Get Your Band National Media Coverage With Pendulum Pitching
I'm kicking off a series of posts about successful approaches to music marketing with some insights from Adisa Banjoko, a marketing professional based in the Bay Area who I first met while blogging at ProHipHop. Adisa has employed an approach he calls "Pendulum Pitching" with great success both before and after the Internet kicked in.
Adisa Banjoko is Founder and Director of the Hip Hop Chess Federation and Marketing Director for Naked Suits. In addition to marketing both those projects, he has an extensive history of marketing Bay Area hip hop artists.

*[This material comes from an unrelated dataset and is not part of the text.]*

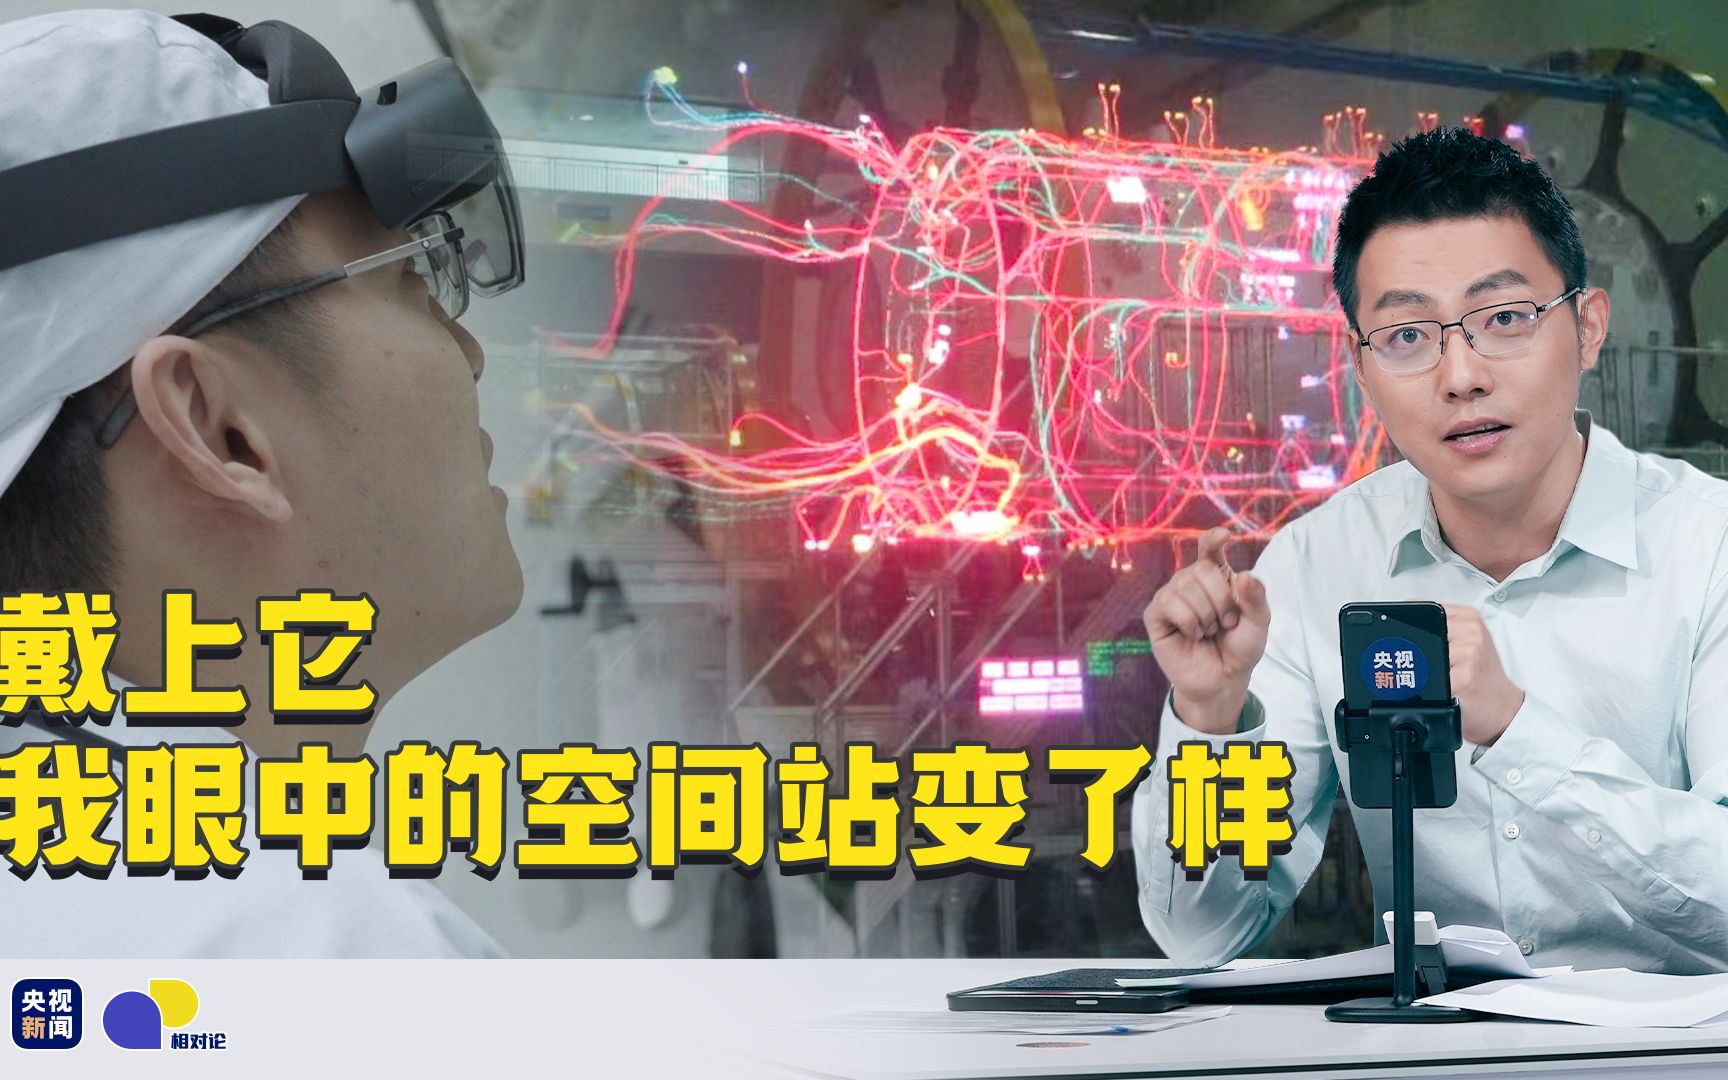 【相对论】90后用AR眼镜装配中国空间站

Adisa developed the concept of Pendulum Pitching before the Internet was widely available and has continued to employ this approach with great success ever since. The basic concept involves pitching local media which then supports pitching national media. Sometimes local stories are picked up on their own but usually they require additional work to go national.
While this aspect of Pendulum Pitching is well understood by any competent marketer, Adisa then uses the national coverage to go back to local media outlets who previously passed generating additional local coverage which helps create further national coverage.
This back and forth led to his use of the term Pendulum and also includes regional coverage in the mix. Prior to the Web, Adisa focused on print, tv and radio. He still pitches to all those outlets and now includes blogs and news sites.
What Adisa often found was that artists would come to him seeking national coverage in publications like Vibe and Rolling Stone. But when he pitched to national outlets, he found that they started off by calling local contacts and checking local media to see if there was attention at that level. If local press was not evident, then national outlets passed. Now they use Google to check in and local and/or niche blogs often do the trick. So Adisa helped artists refocus by gaining local coverage that then supported national coverage.
For example, during the early days of the Bay Area Hyphy movement, Adisa helped The Team, a rap group also connected to the energy drink Hyphy Juice, achieve national press for both an album release and for their beverage in such key publications as Vibe, Complex and XXL as well as on major hip hop websites.
He has also used Pendulum Pitching to get wide ranging coverage for the Hip Hop Chess Federation and is currently employing this approach for Naked Suits.
You can connect with Adisa Banjoko via Twitter @beyondurban.
If you've got a music marketing tip with some examples that you'd like to share, whether you're a musician doing your own marketing or a music marketer, please contact me at the email below.
Hypebot contributor Clyde Smith is a freelance writer and blogger. Flux Research is his business writing hub and All World Dance: World Dance News is his primary web project. To suggest websites and related topics for review, please contact: clyde(at)fluxresearch(dot)com.
Sounds like good old common sense to me.
Common sense is overrated but I know what you mean.
So why don’t more people do it this way?
The key is to have a presence in the market place by having an angle that resonates with editors. What is one thing you bring that will increase readership. Are you doing performances for charitable causes, do you have something relevant and interesting. My tip is send releases weekly with relevant stories that create a buzz about you.